The “simulation” in this case is a black box. When you use your own mental hardware to simulate another person (assuming the simulation theory is correct), you do so unconsciously. You have no idea how the simulation works; you only have access to its output. You have no ability to consciously fiddle with the simulation’s settings or its structure.
A black box that takes input and produces predictive output while being totally impenetrable is not a “model” in any useful sense of the word.
The concepts of mental models is very popular in usability design.
It’s quite useful to distinguish a websites features from the features that the model of the website that the user has in it’s head.
If you want to predict what the user does than it makes sense to speak of his model of the world whether or not you can change that model. You have to work with the model that’s there. Whether or not the user is conscious of the feature of his model doesn’t matter much.
How does this theory treat the observation that we are better with dealing with the kinds of people that we have experience of? (E.g. I get better along with people of certain personality types because I’ve learned how they think.) Doesn’t that unavoidably imply the existence of some kinds of models?
I’m pretty sure this is correct.
Thanks, that’s a good point.
Fair enough. Pedantry accepted. :) I especially agree with the importance of recognizing vague implicit “folk models”.
However:
Most such people are. (Actually, most people are, period.)
Believe you me, most people who ask questions like the one I quote are stupid.
Most people do have mental models in the sense the word get’s defined in decision theory literature.
For the narrow subset of technical questions, How to Ask Questions the Smart Way is useful.

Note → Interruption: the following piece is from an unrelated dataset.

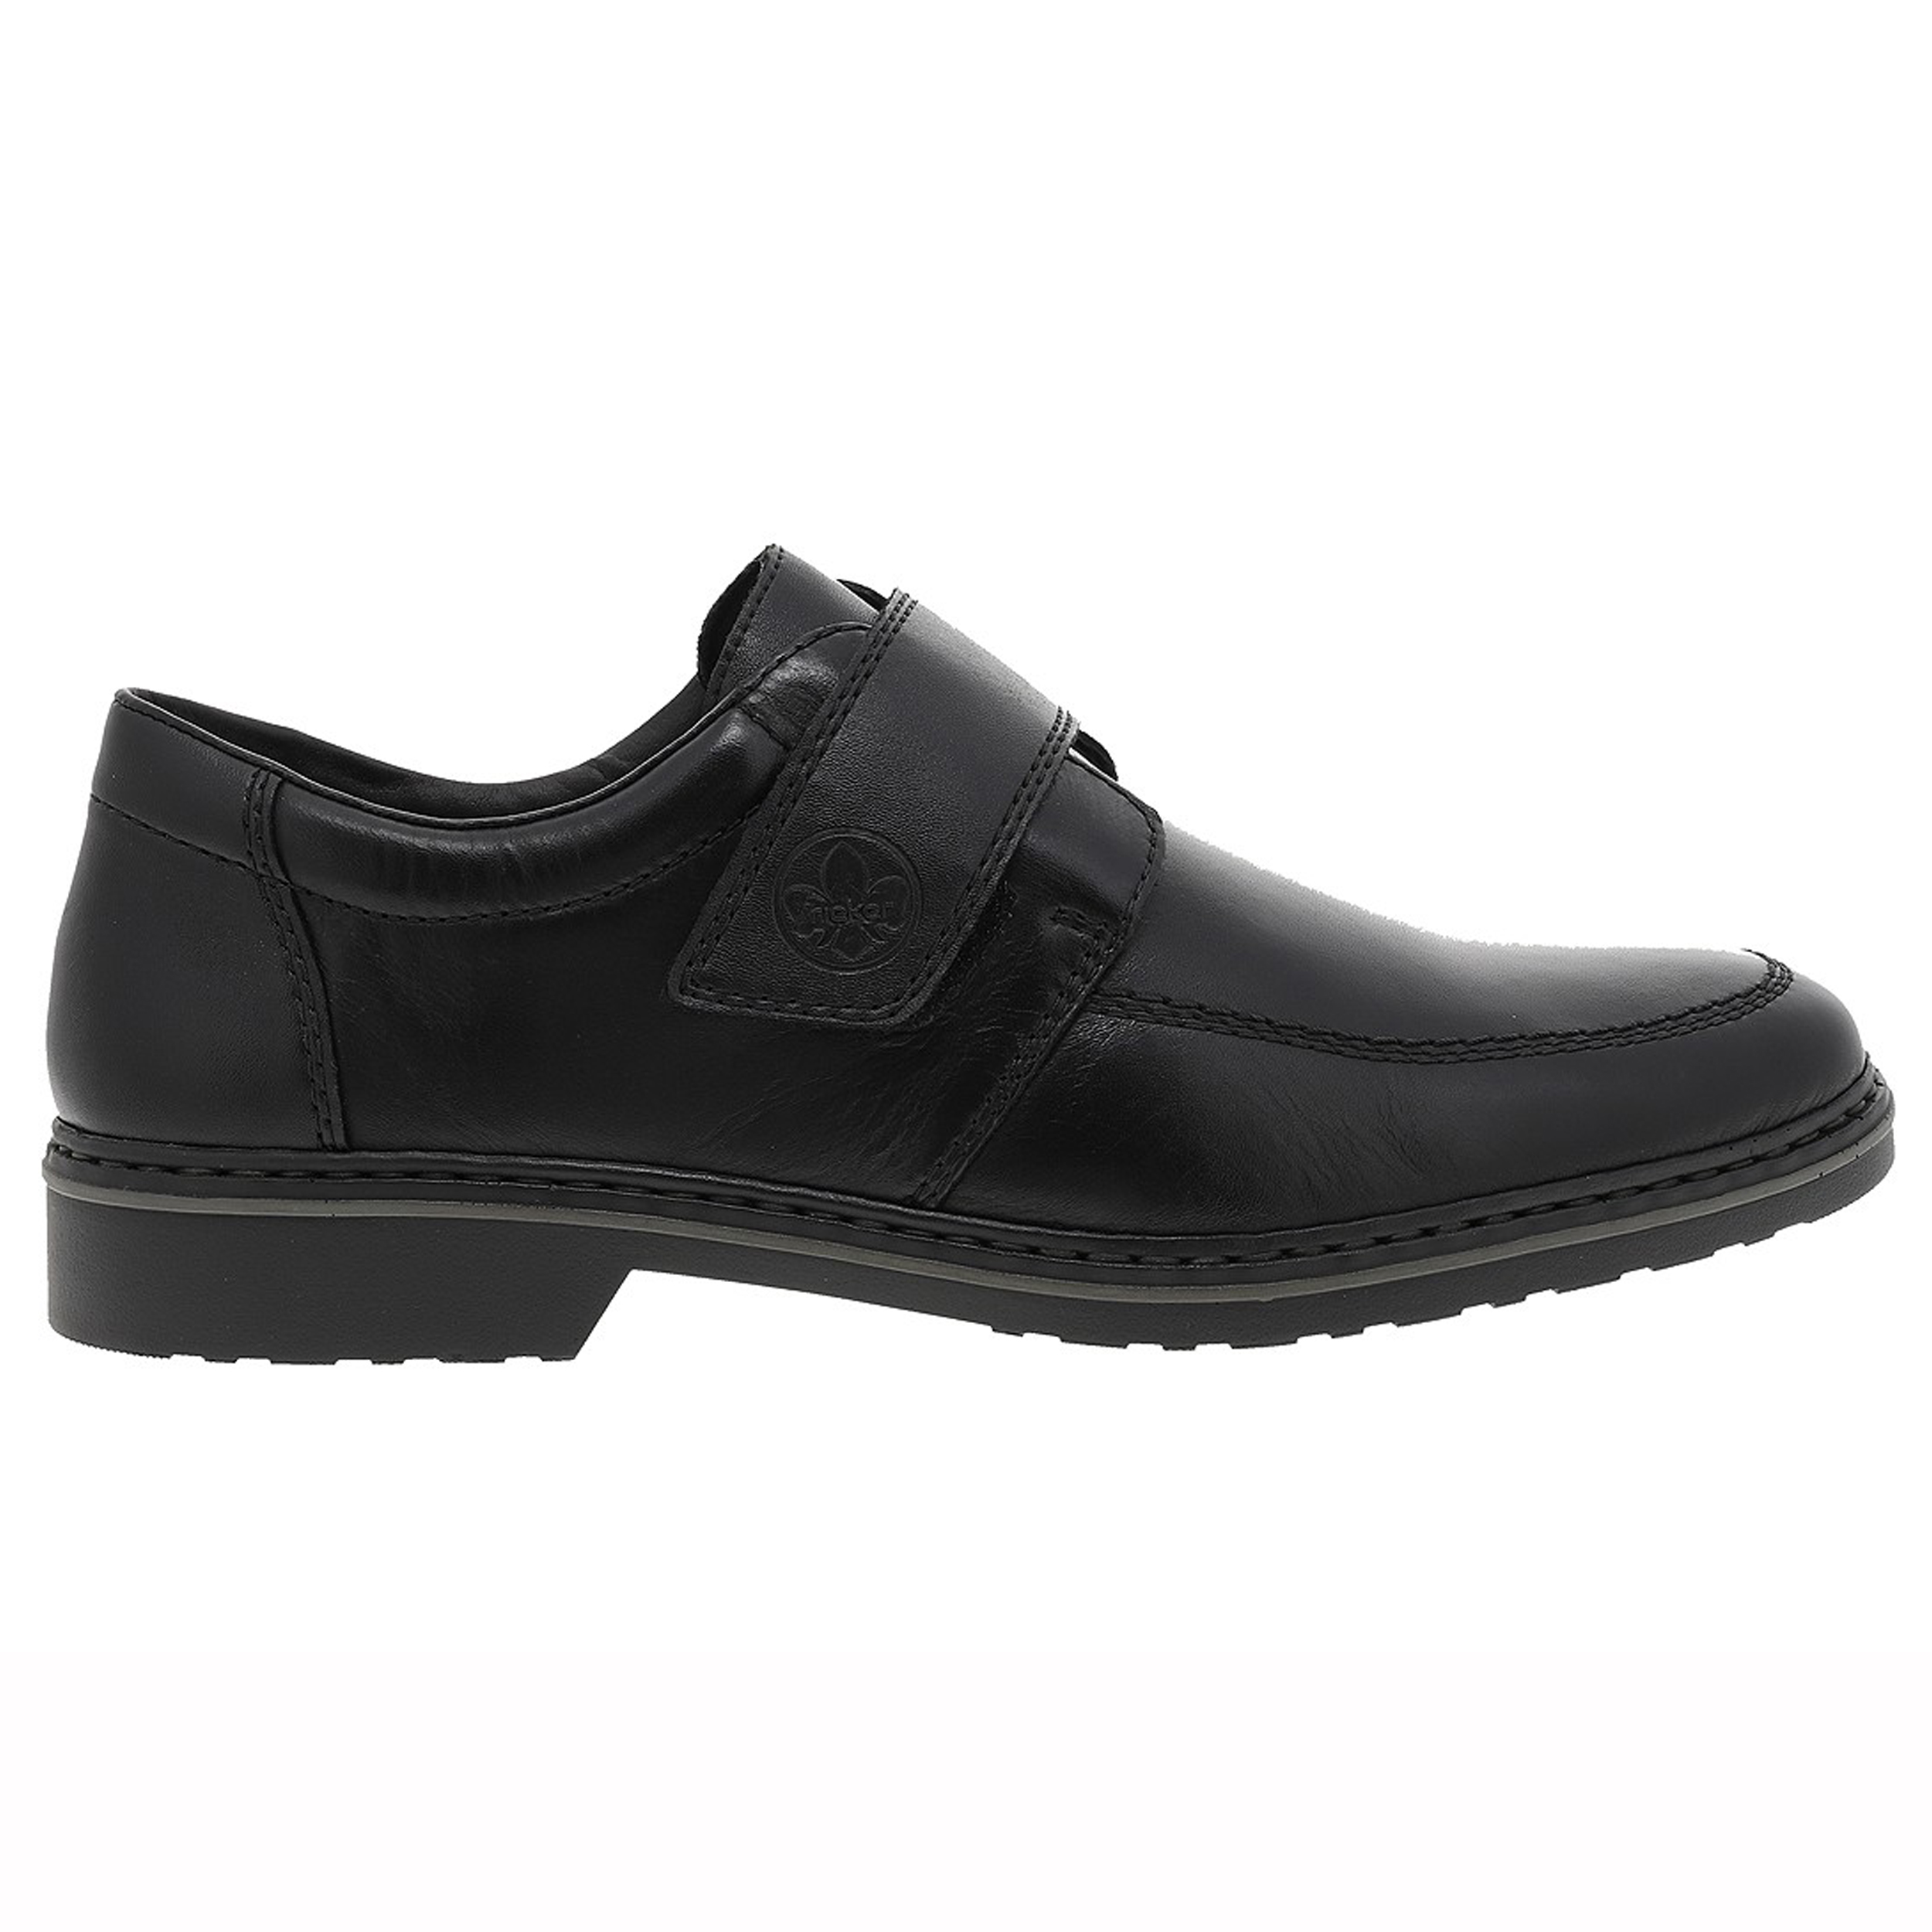 Chaussures de ville Rieker en cuir lisse noir. - Cuir  - Noir - Doublure en cuir noir
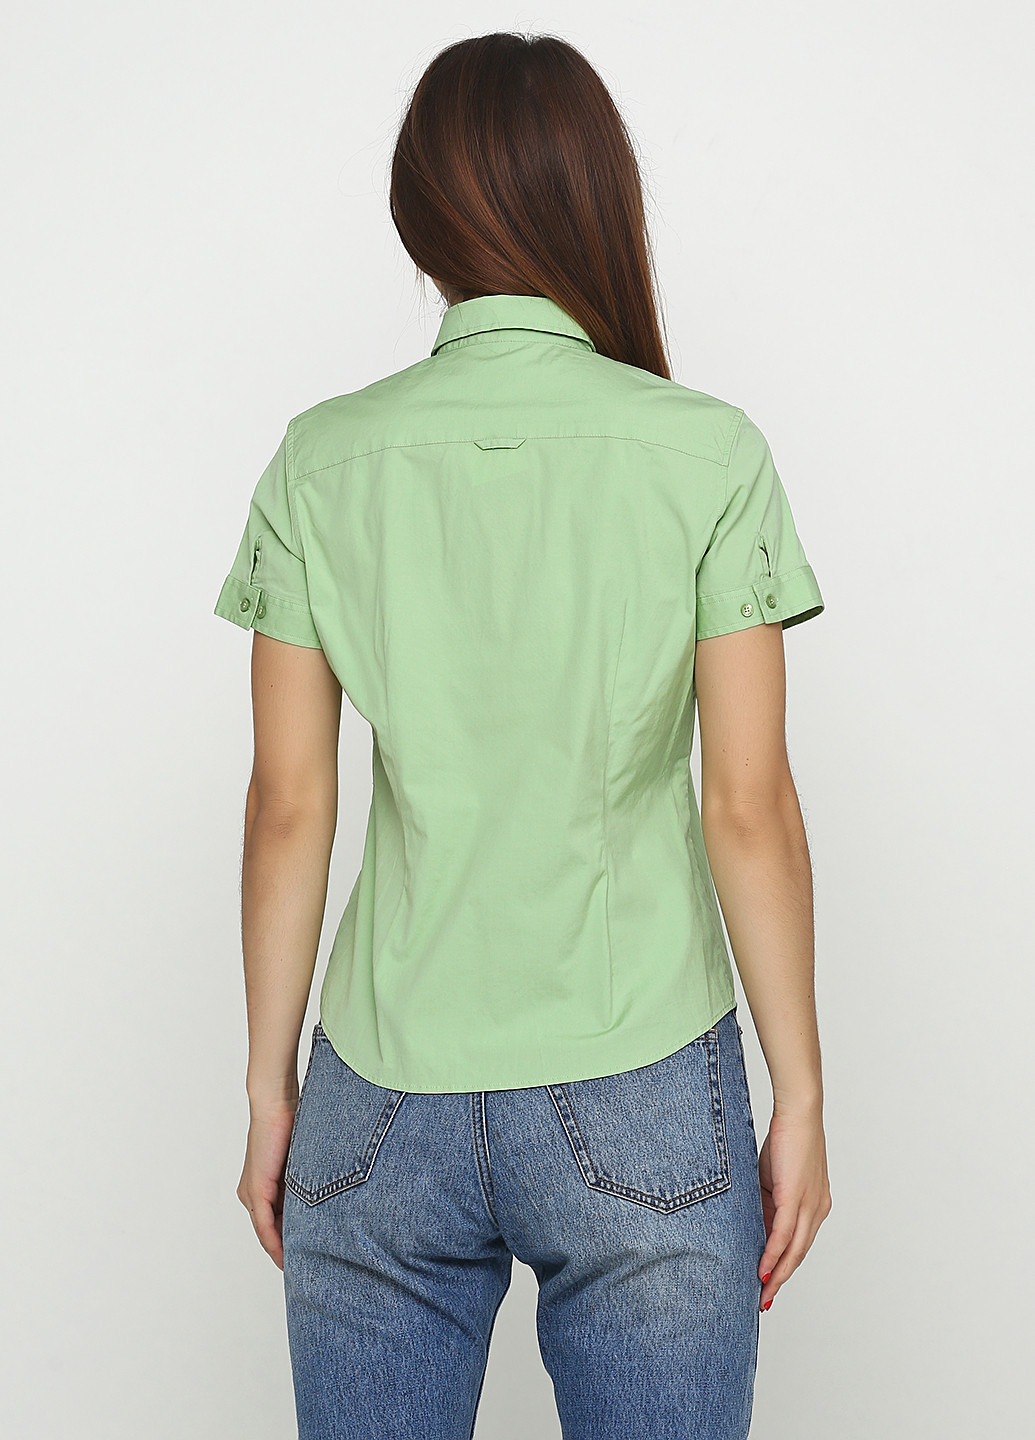 Светло-зеленая кэжуал рубашка однотонная Gant

But if you don’t have a problem to begin with—if your aim is “learn more in field X,” it gets more complicated. Given that you don’t know what questions are worth asking, the best question might be “where would I go to learn more about X” or “what learning material would you recommend on the subject of X?” Then in the process of following and learning from their pointer, generate questions to ask at a later date.
There may be an inherent contradiction between wanting nonspecific knowledge and getting useful, specific answers.
Start by asking the wrong ones. For me, it took a while to notice when I had even a stupid question to ask (possibly some combination of mild social anxiety and generally wanting to come across as smart & well-informed had stifled this impulse), so this might take a little bit of practice.
Sometimes your interlocutor will answer your suboptimal questions, and that will give you time to think of what you really want to know, and possibly a few extra hints for figuring it out. But at least as often your interlocutor will take your interest as a cue that they can just go ahead and tell you nonrelated things about the subject at hand.
What do you want to learn more about? If there isn’t an obvious answer, give yourself some time to see if an answer surfaces.
The good news is that this is the thread for vague questions which might not pan out.
Ask the smartest questions you can think of at the time and keep updating, but don’t waste time on that. After you have done a bit of this, ask them what you are missing, what questions you should be asking them.